Экспериментатором Александр Филиппович был феноменально строгим. Он браковал опыт и заставлял меня и других проделывать все сызнова, если на фотобумаге, на которой световой лучик вычерчивал кривую импульсов сердца, оказывалось желтое пятнышко от фиксажа. Тогда, в двадцатые годы, Самойлова звали в Лейденский университет, звали в Рокфеллеровский институт. Но он ни за что не хотел покинуть Казани, не очень-то тогда уютной. Лаборатория его была и маленькой и недостаточно оборудованной, и туда все же, как паломники в Мекку, съезжались со всей России физиологи, ученики Введенского и ученики Павлова, съезжались, чтобы научиться работать с эйтховеновским «струнным гальванометром». То был один из первых электрокардиографических аппаратов, казавшийся чудом техники: ведь благодаря ему впервые можно было получать объективную картину работы сердца и изменений его состояния. Кстати, Александр Филиппович, посылая одно из шуточных своих писем создателю прибора, адресовал письмо не Эйтховену, а гальванометру. «Многоуважаемый струнный гальванометр! — писал он. — ...Вы создали удивительное: вы создали небывалое слово «электрокардиограмма». Как красиво и гордо звучит это слово, и, что должно быть отмечено, — на всех языках; значит, оно интернационально!»
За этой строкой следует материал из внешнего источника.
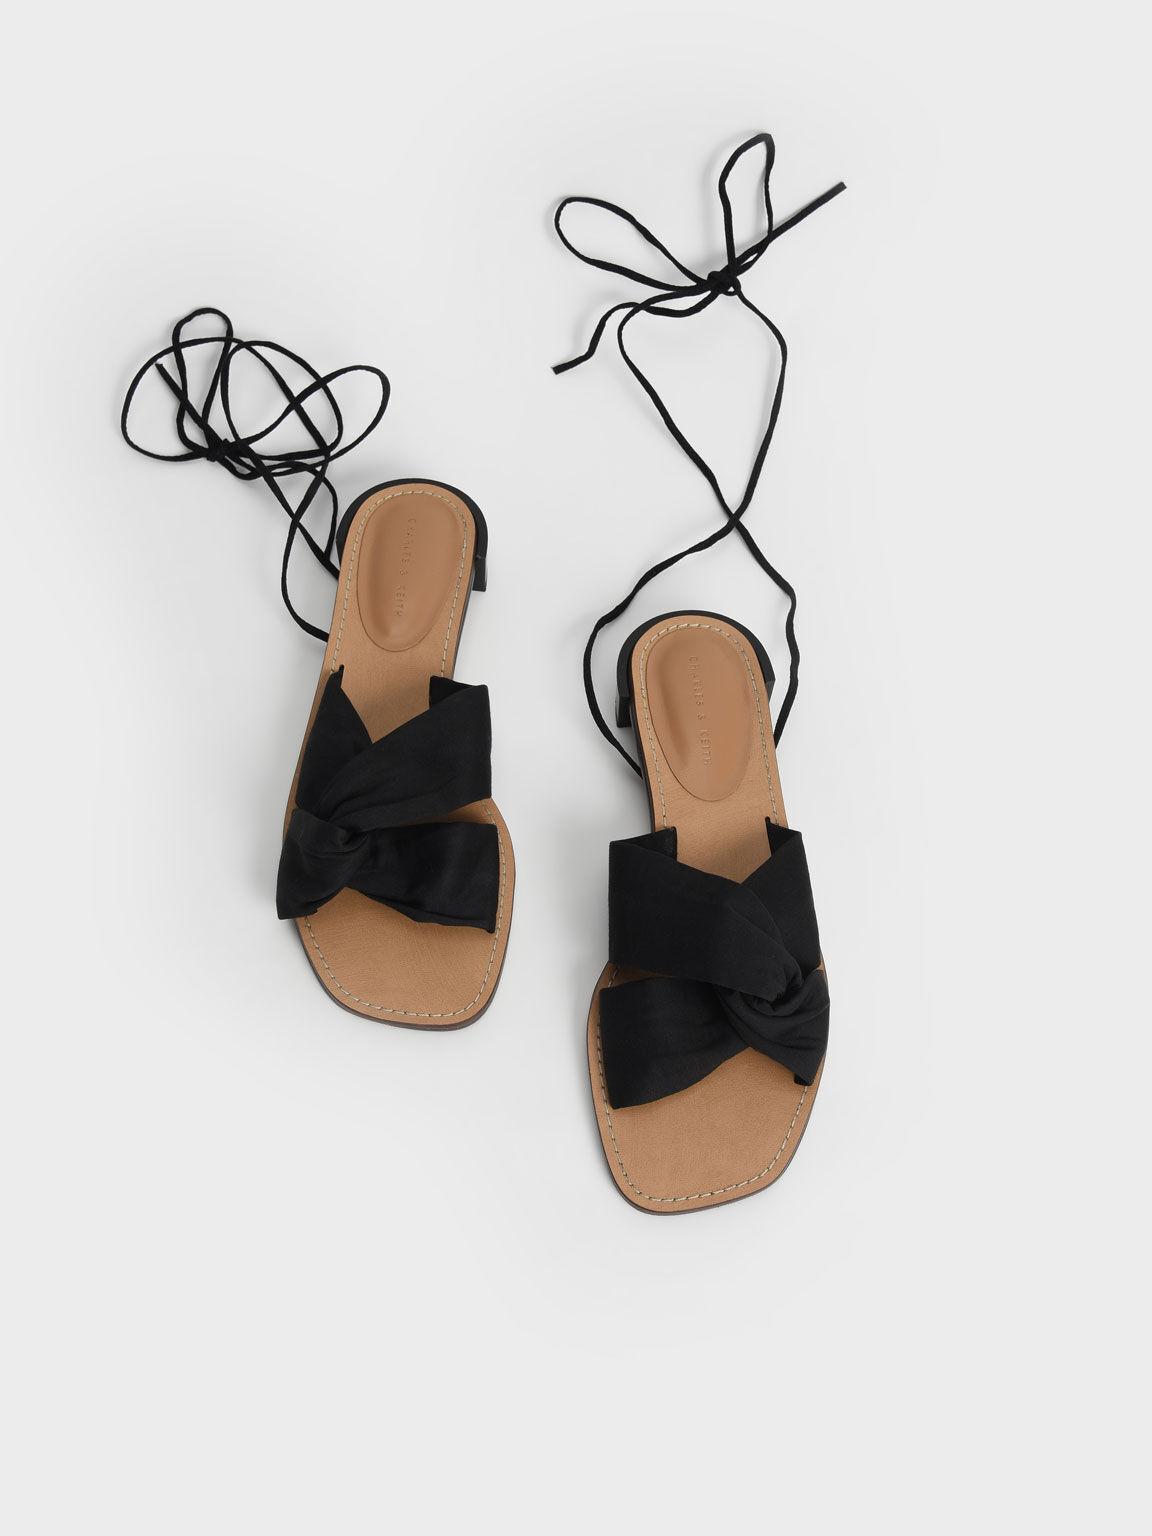 Knotted Tie-Around Sandals, Black, hi-res

...Из всех предложений Самойлов принял лишь одно: он согласился, не покидая Казанского университета, руководить кафедрой физиологии в Москве, кафедрой, на которой некогда работал его учитель Сеченов.

Он мечтал о времени, когда физиология сможет распознать физическую и химическую сущность жизненных процессов, одним из первых заговорил о необходимости развивать новое направление, объектом исследования которого будет человек. И век его был посвящен развитию одного из многих, родившихся наконец методов, которыми наука могла бы исследовать организм человека, не повреждая его.

Он не был «только экспериментатором». Его волновали философские проблемы естествознания и проблемы гносеологии. «Организм человека, как объект физиологического исследования» — так называлась работа, в которой Александр Филиппович искал границы возможного и невозможного в исследовательских методах своего времени, где говорил о степени доверия к ним, о допустимых пределах формирования представлений о физиологии человека по аналогии с тем, что может рассказать эксперимент о жизнедеятельности животных вообще. Эта просыпавшаяся в исследователях тяга к философскому осмыслению своей работы очень характерна для эпохи.

...Кажется, в двадцать шестом Самойлов написал статью о «Диалектике природы» Ф. Энгельса.

Статья Самойлова вызвала полемику, в части своей обоснованную, а в другой части — несправедливую по резкости. В ту пору оценки в дискуссиях обычно были категорическими и Самойлова упрекали в том, что он «убежденный механицист». Он спокойно отнесся к этим упрекам. Он признавал лишь один непреложный авторитет в науке — авторитет фактов.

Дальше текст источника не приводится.